§ Recorded information:

[Start of Attachment]

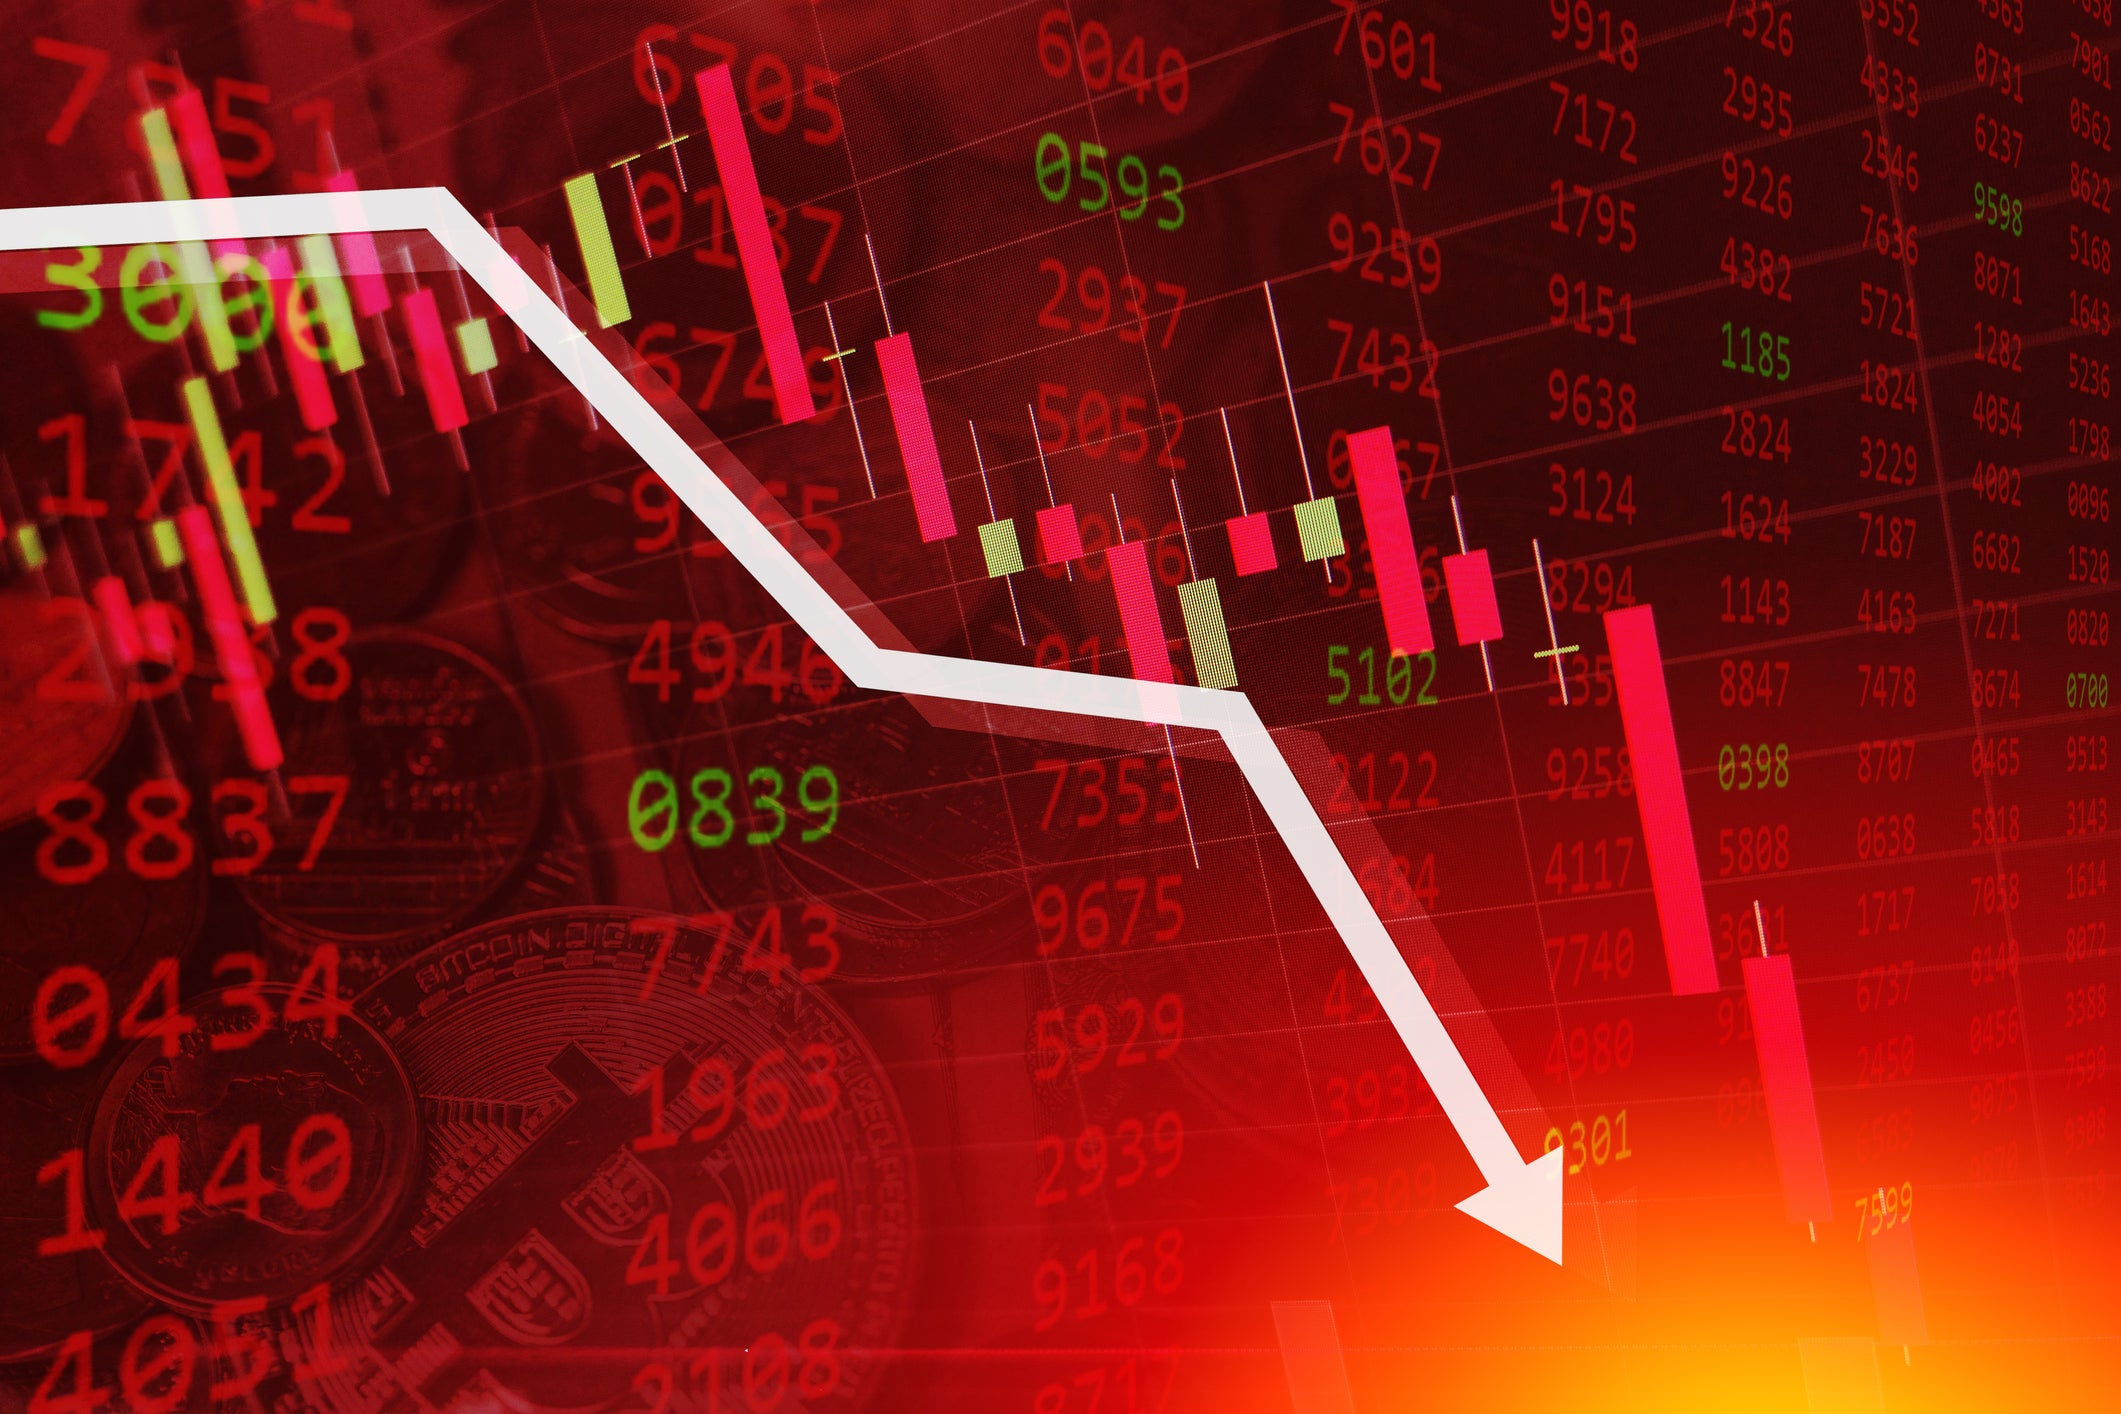 Why Tesla Stock Dropped on Monday
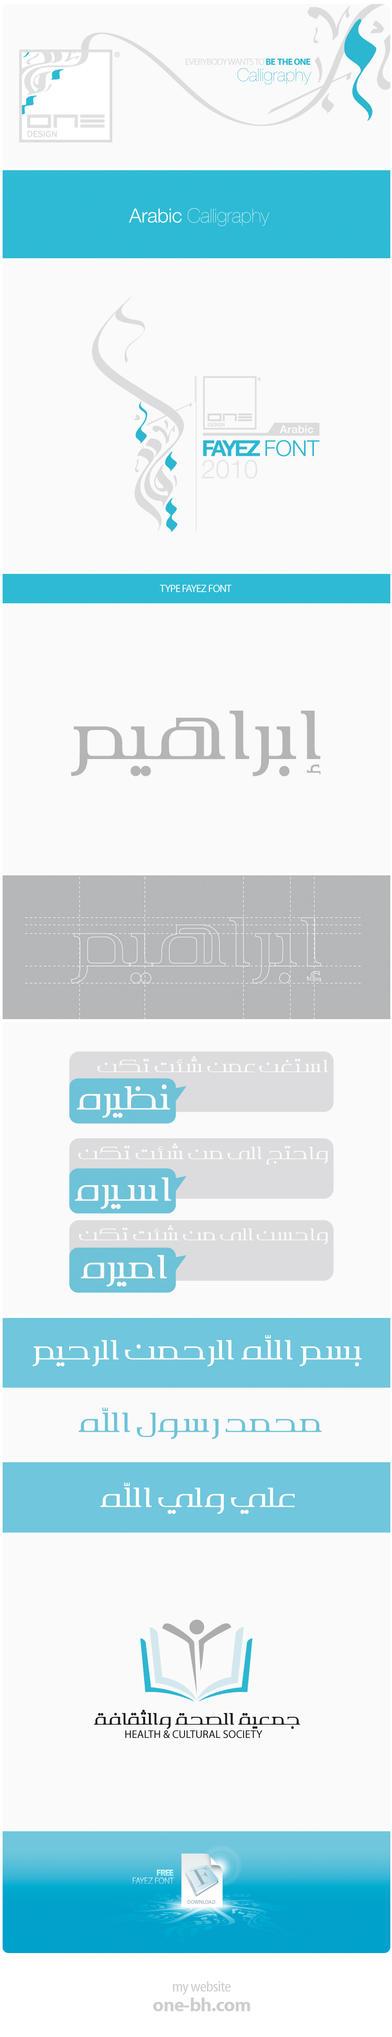 Arabic Typo Font (Fayez) by one-bh
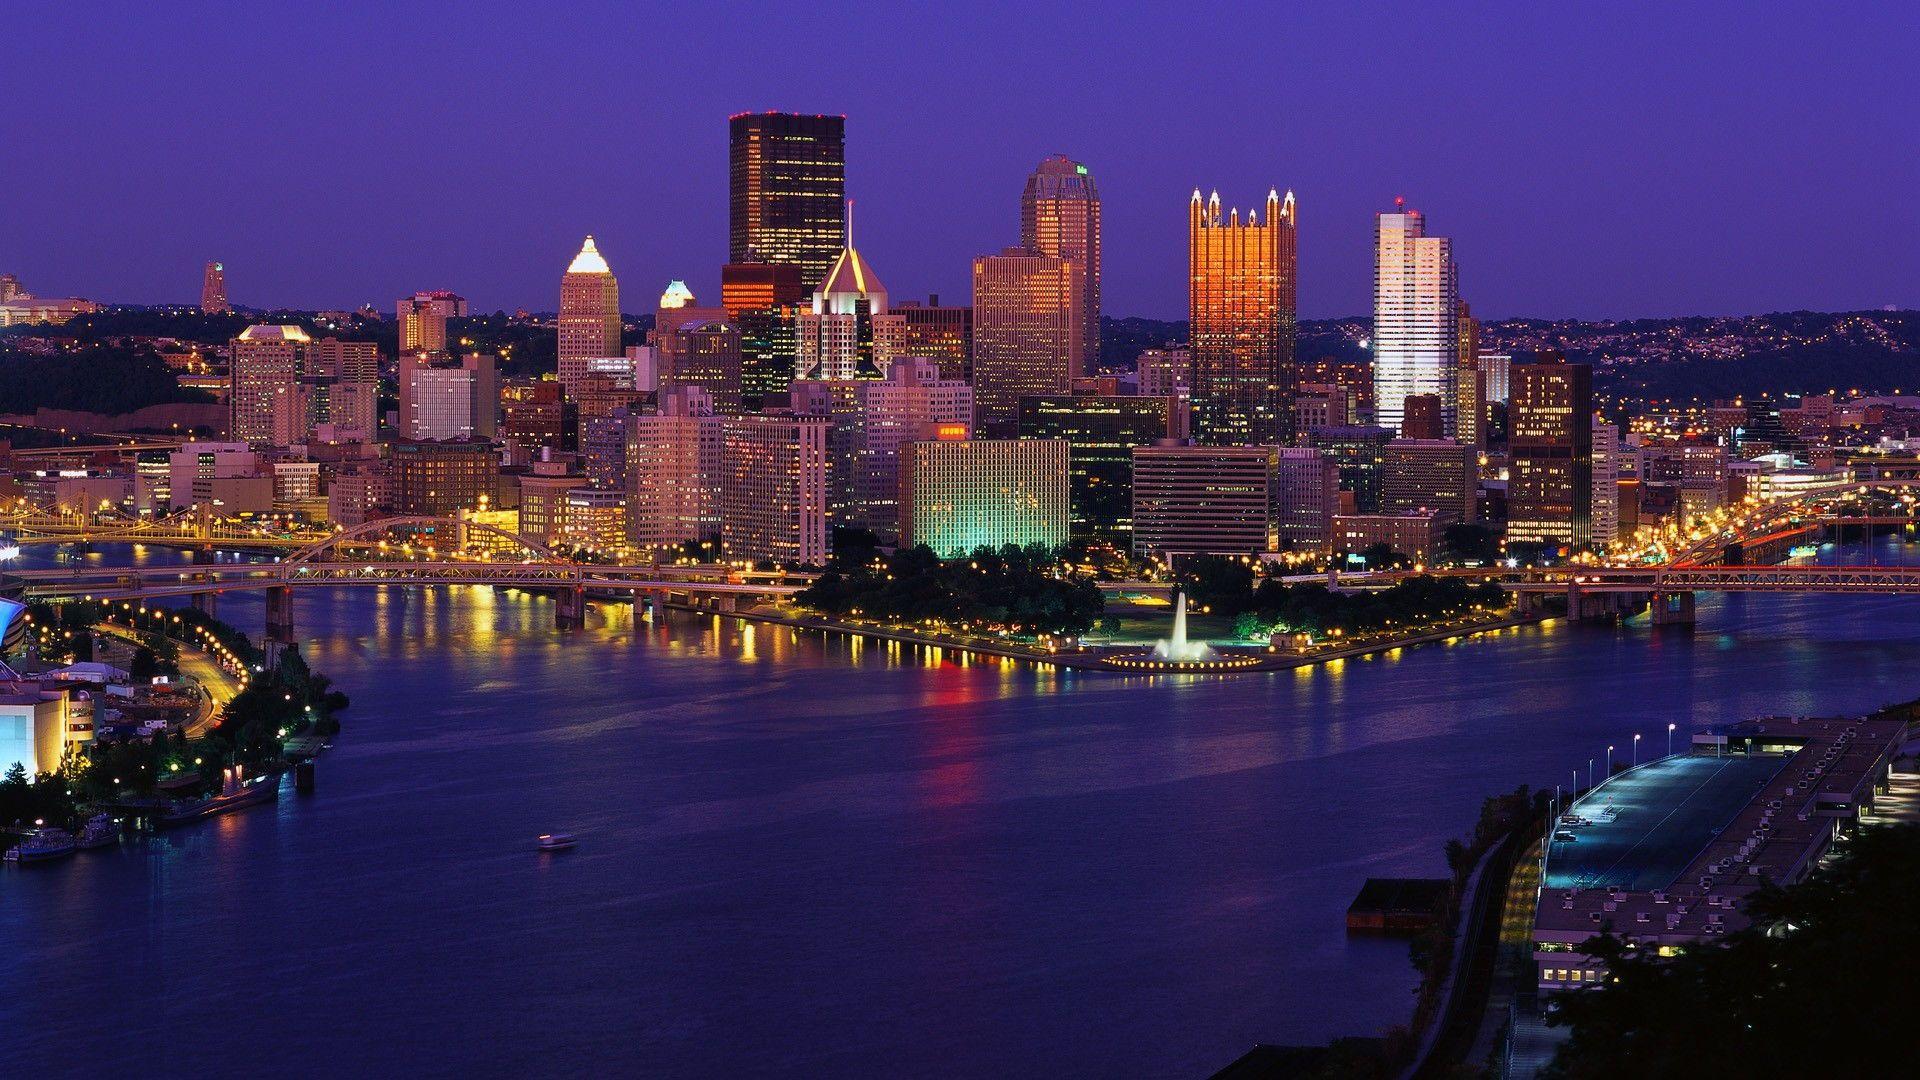 Pittsburgh Skyline At Night Wallpaper Pittsburgh Skyline Picture Hd Dekstop Wallpapers Of Pittsburgh Usa Pittsburgh Skyline Skyline Picture City Tumblr

[End of Attachment]

§ Exercise:
Copy each line of the listing exactly, skipping any picture.

§ Answer for the task:
 Why Tesla Stock Dropped on Monday
 Arabic Typo Font (Fayez) by one-bh
 Pittsburgh Skyline At Night Wallpaper Pittsburgh Skyline Picture Hd Dekstop Wallpapers Of Pittsburgh Usa Pittsburgh Skyline Skyline Picture City Tumblr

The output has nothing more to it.